▸ **TASK**
Would you go through the records below and copy each line with the string "Gaudí"?

▸ **GIVEN DATA**
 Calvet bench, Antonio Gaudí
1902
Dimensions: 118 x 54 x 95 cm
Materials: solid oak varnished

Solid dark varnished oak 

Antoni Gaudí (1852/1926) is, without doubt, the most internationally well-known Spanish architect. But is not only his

--

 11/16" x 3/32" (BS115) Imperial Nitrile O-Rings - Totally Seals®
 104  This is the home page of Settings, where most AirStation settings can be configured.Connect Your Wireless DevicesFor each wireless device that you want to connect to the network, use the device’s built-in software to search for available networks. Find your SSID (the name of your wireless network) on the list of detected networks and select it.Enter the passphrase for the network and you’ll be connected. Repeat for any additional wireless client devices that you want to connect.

---

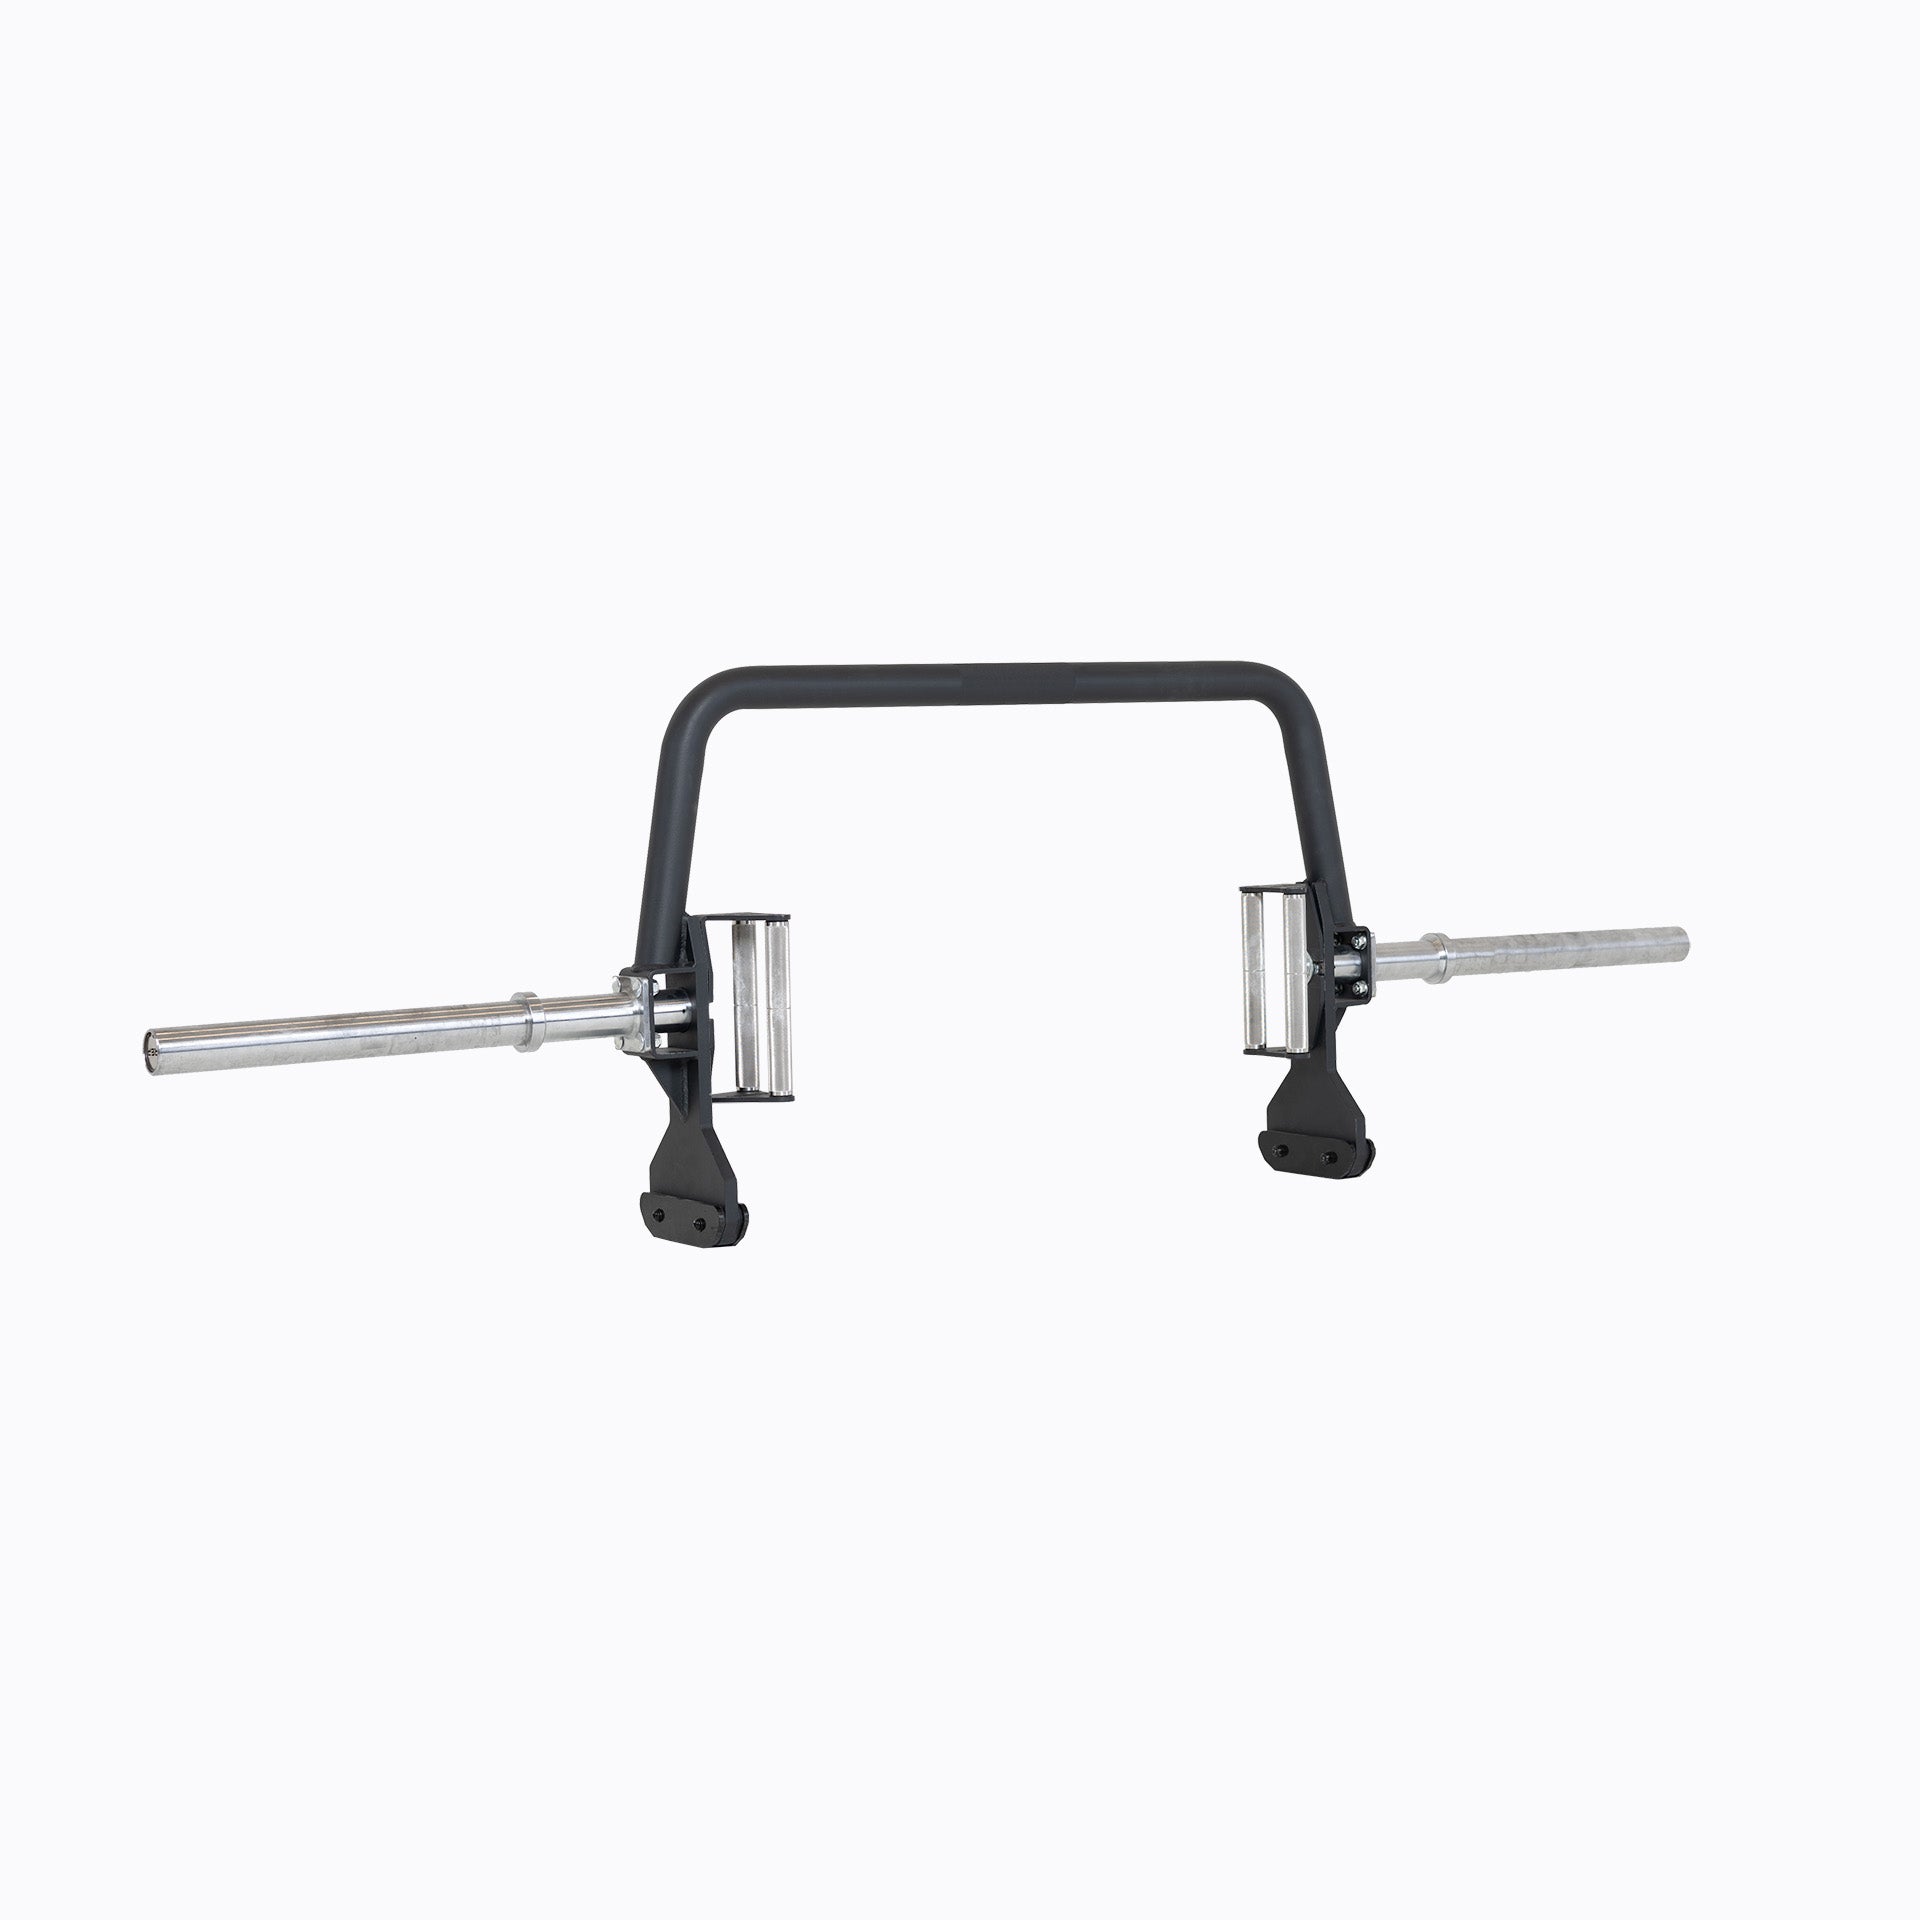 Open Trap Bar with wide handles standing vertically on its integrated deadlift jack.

▸ **ANSWER TO THE PROBLEM**
 Calvet bench, Antonio Gaudí
Antoni Gaudí (1852/1926) is, without doubt, the most internationally well-known Spanish architect. But is not only his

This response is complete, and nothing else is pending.